Ganhando escala: start-ups colombianas querem crescer fora do país

Situada em uma rua arborizada de Chapinero ― principal distrito empresarial de Bogotá ―, o quartel-general da Polymath Ventures ocupa uma casa de estilo inglês usada no passado como escritório de campanha do atual presidente colombiano, Juan Manuel Santos. A sede da Polymath é símbolo de todo o ecossistema empresarial da Colômbia: ela incuba novas empresas para que ocupem seu espaço na economia cada vez mais vibrante do país.

Na verdade, os cinco anos de Santos na presidência foram marcados por uma série de reformas, planos e iniciativas no setor público para promoção do empreendedorismo na Colômbia. Na Polymath, assessores financeiros da start-up Aflore conversam no final do corredor depois de uma reunião com um investidor-anjo. No andar de cima, as janelas com sacadas e o piso de madeira escura contrastam com o layout do escritório de uma start-up moderna. Uma nova economia está emergindo da antiga.

Entender o estado do empreendedorismo na Colômbia requer tanto uma apreciação do rápido progresso do país quanto uma sóbria compreensão dos limites desse progresso. De um lado, a Colômbia tem desfrutado de anos de crescimento sólido e estabilidade macroeconômica. A renda nacional bruta per capita mais do que triplicou desde 2000, e o país continuar a subir no ranking da “Doing Business” [Fazendo negócios] do Banco Mundial. A ênfase nas parcerias público-privadas permitiu à Colômbia aumentar o gasto com infraestrutura para 3% do PIB, ante 1,5% há 10 anos apenas. Programas de setores públicos com ótimo respaldo, como o iNNpulsa Colômbia proporcionam educação e investimento às novas empresas do país. Um estudo de 2015 da Global Entrepreneurship Monitor (GEM) e do Fórum Econômico Mundial (WEF) elogiaram a Colômbia situando-a em um pequeno grupo de “especialistas em empreendedorismo” ― isto é, países que produzem um grande volume de start-ups inovadoras que empregam uma quantidade significativa de pessoas.

Por outro lado, ainda é cedo demais para dizer que a Colômbia é uma economia empreendedora madura. Os empresários do país operam em uma economia onde aproximadamente 60% do emprego fora do setor agrícola é informal.
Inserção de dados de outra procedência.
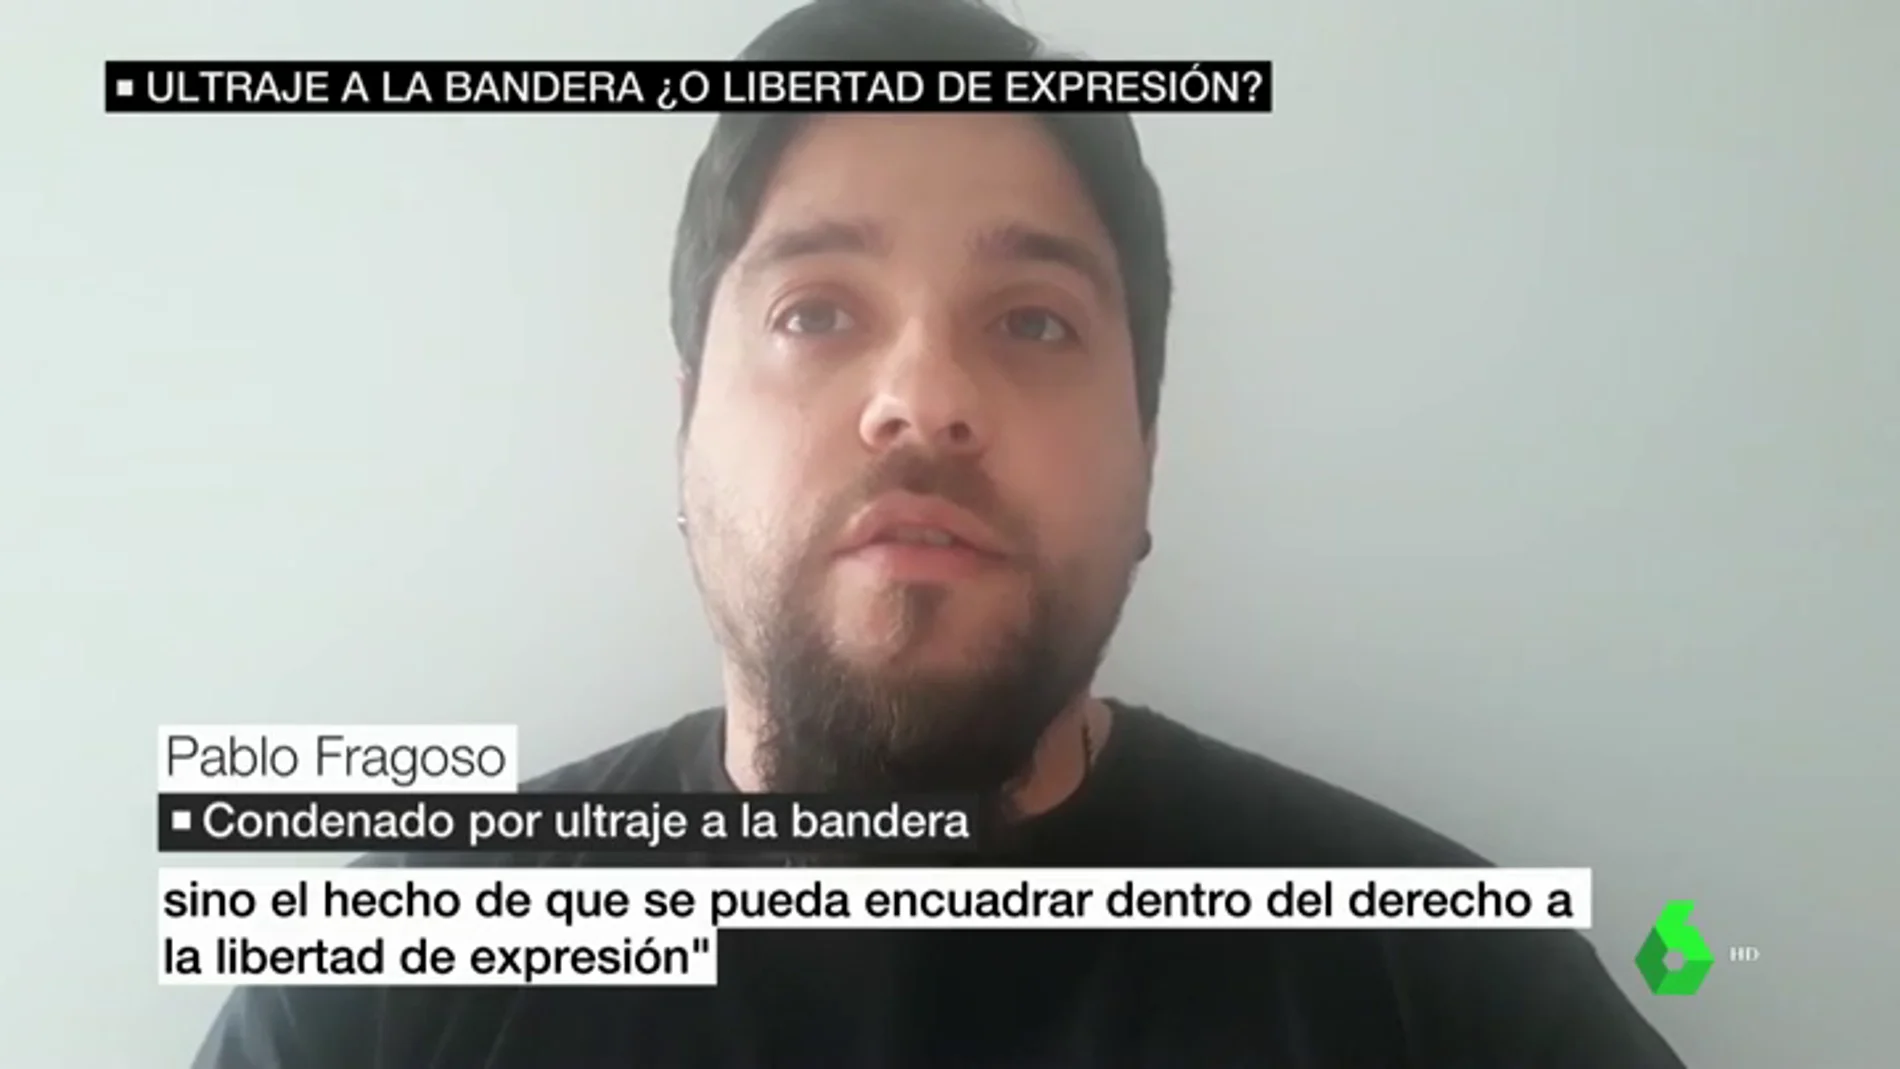 Habla Pablo Fragoso, condenado por pedir la quema de la bandera de España en una protesta: "Nunca pronuncié esas palabras"

As mulheres raramente participam do empreendedorismo formalizado. Embora o Banco Mundial atribua a redução de 30% da pobreza extrema na América Latina à entrada das mulheres no mercado de trabalho (sendo que o maior índice de participação se dá na Colômbia), é especialmente difícil para elas fazer a transição do mercado informal para o formal ― sobretudo em vista de desafios como os do financiamento formal. Dos 40 empresários colombianos destacados desde 2007 pela Endeavor, empresa sem fins lucrativos, só quatro são mulheres.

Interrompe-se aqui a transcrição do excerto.